EDIT: It appears the UI doesn’t allow adding more than two IPs.

Using cpcmd scope:set apache.evasive-whitelist to manually whitelist each IP individually worked:

# cpcmd scope:set apache.evasive-whitelist '111.111.111.111'
1
# cpcmd scope:set apache.evasive-whitelist '222.222.222.222'
1

However, it’s also worth mentioning that when I tried to use the example from the UI listed under CLI Invocations > SETTER of cpcmd scope:set apache.evasive-whitelist '[111.111.111.111,222.222.222.222]', I got an error:

# cpcmd scope:set apache.evasive-whitelist '[111.111.111.111,222.222.222.222]'
(Exception) INTERNAL REPORT: TypeError::__set_state(array(
   'message' => 'strpos(): Argument #1 ($haystack) must be of type string, array given',
   'string' => '',
   'code' => 0,
   'file' => '/usr/local/apnscp/lib/Opcenter/Admin/Settings/Apache/EvasiveWhitelist.php',
   'line' => 32,
   'trace' => 
...
3

Evasive will still report a 429 Too Many Requests as it has immediate discretion. This is a result of a plugin repeatedly sending requests without a cooldown period, and gets worse the more performant the install is - funnily enough.

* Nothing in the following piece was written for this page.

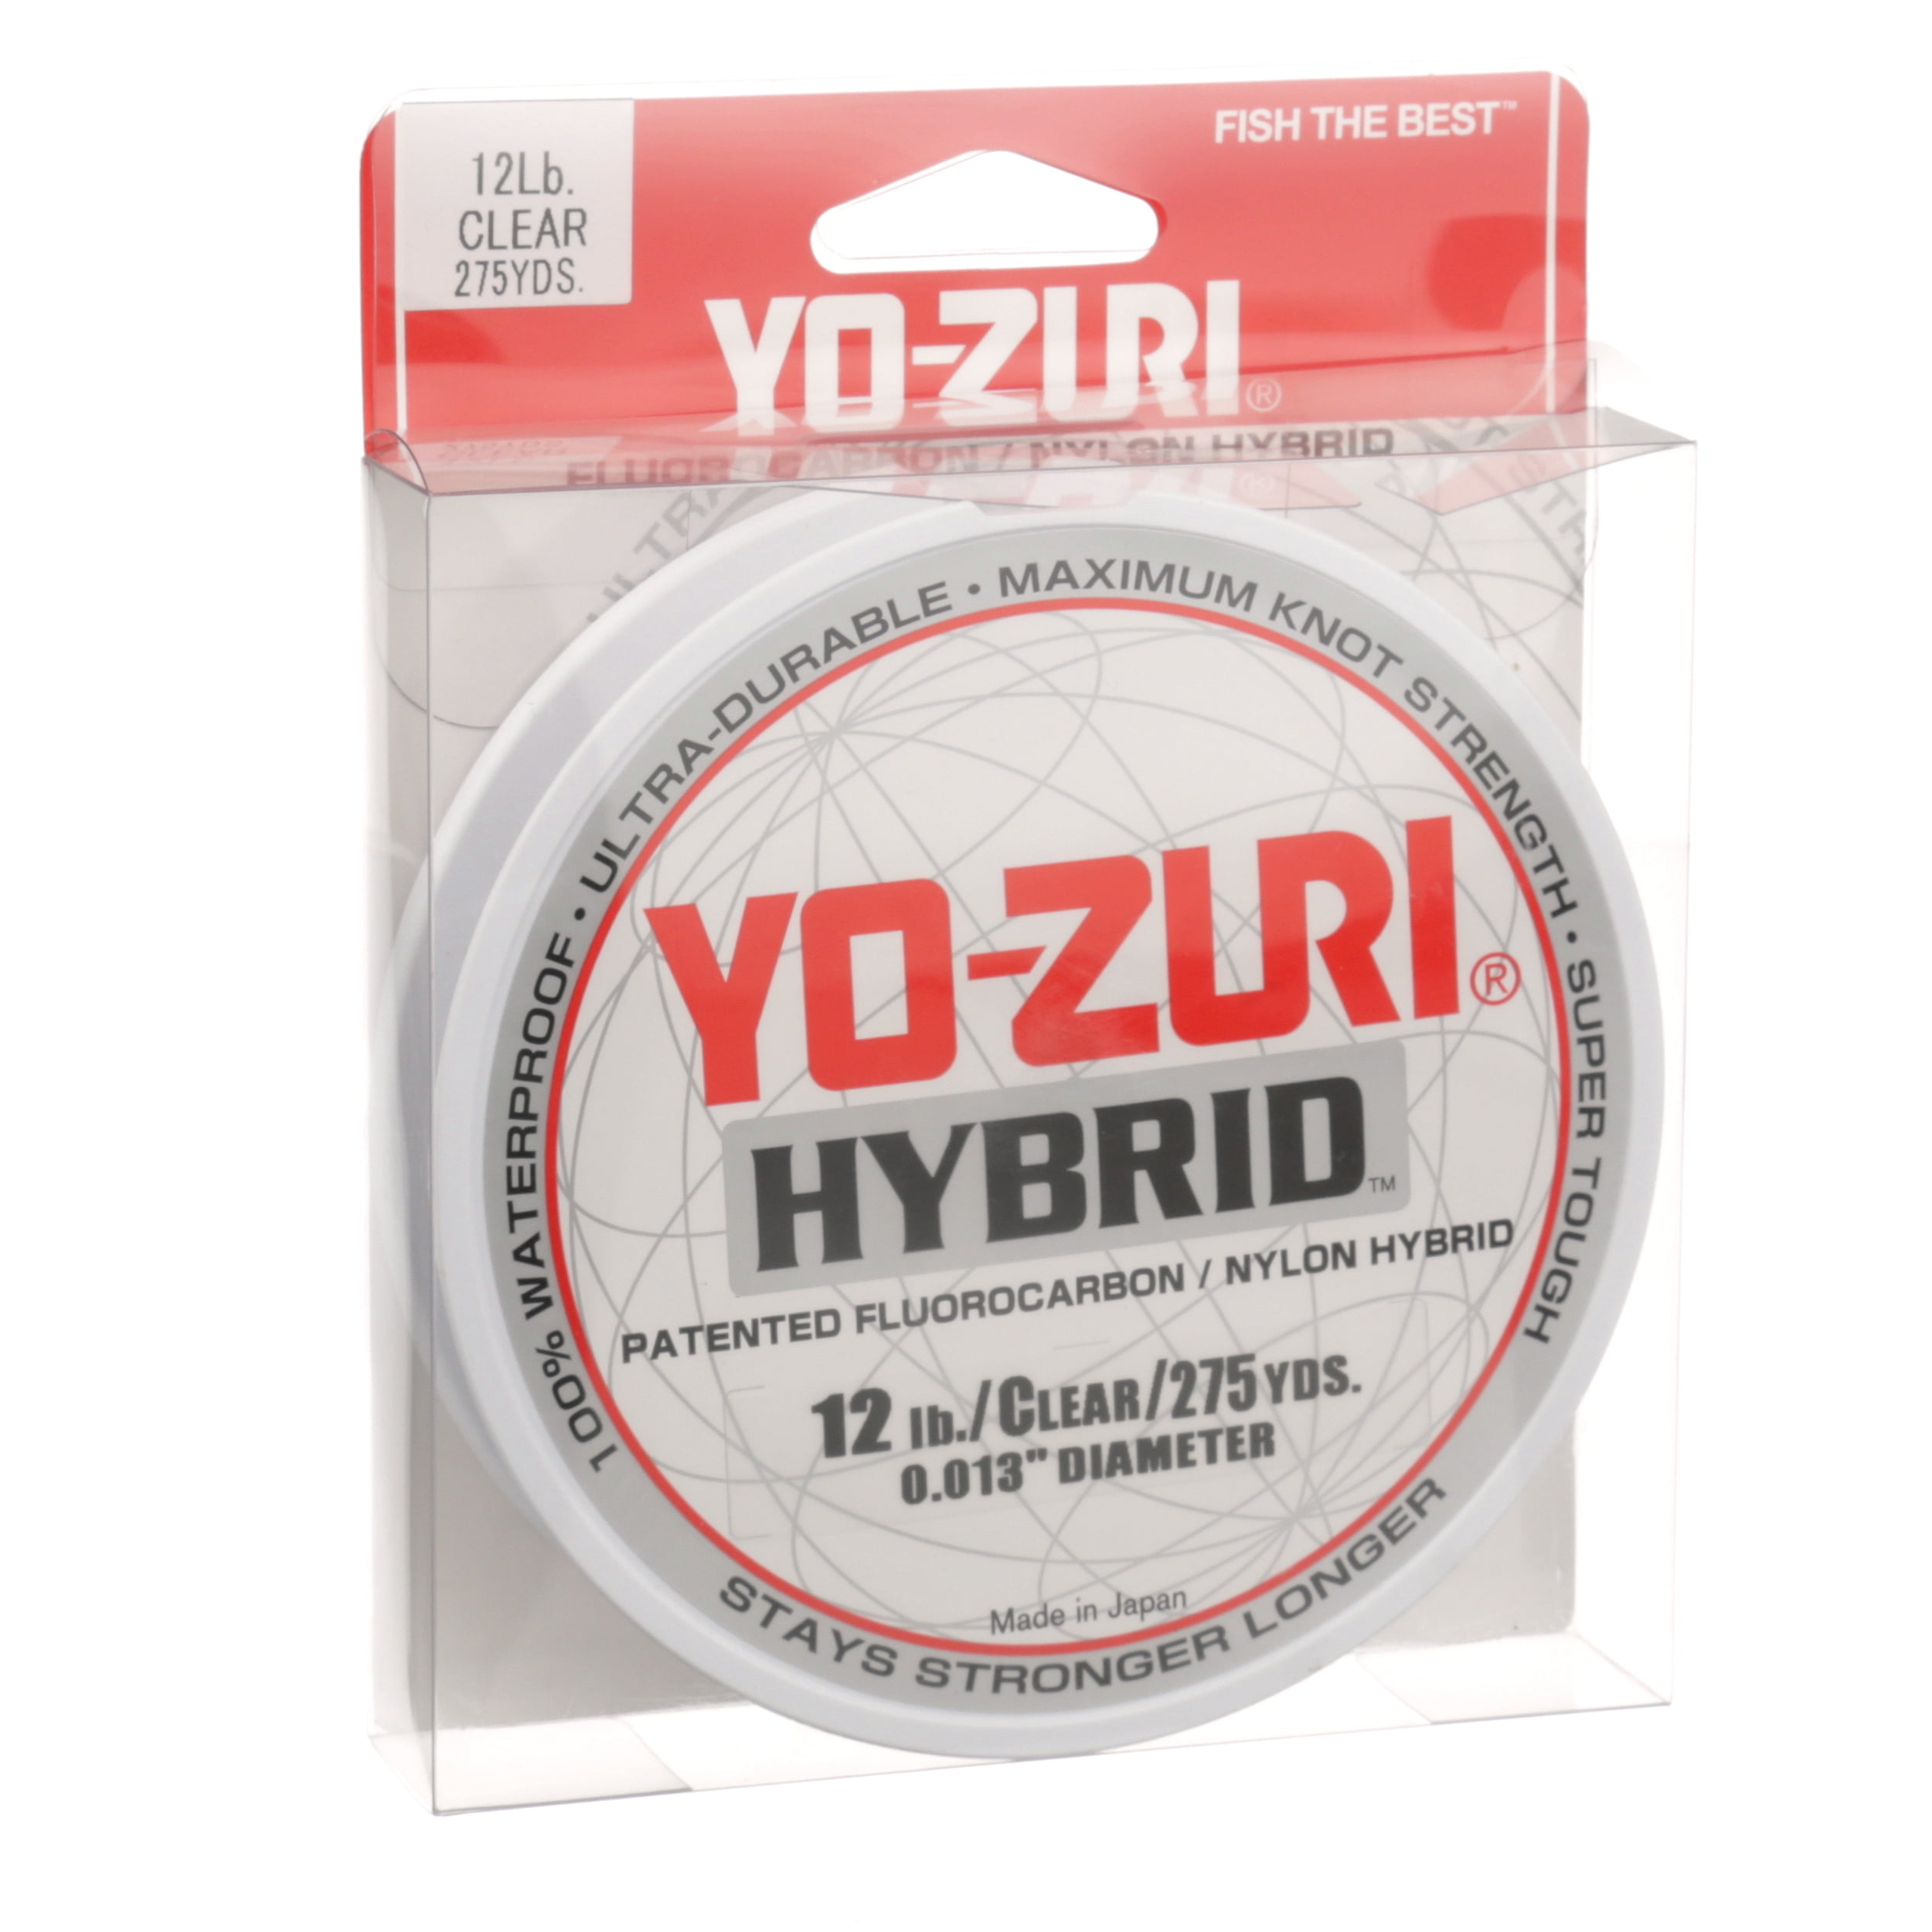 Yo-Zuri Hybrid Clear Line 20lb, 275yd, Flurocarbon/Nylon Hybrid

You have two immediate solutions, Toolbox for ApisCP, a plugin developed by @anatoli to sidestep these throttles for logged-in users, or overriding the throttle limits entirely.

Lastly, you can bypass this by setting throttle values remarkably high or bypassing specific URL filters. Ideally there should be a deadline to persist every setInterval() ms rather than basing off setTimeout - or ignoring it entirely.

4

Perfect! These are great solutions. Thank you very much.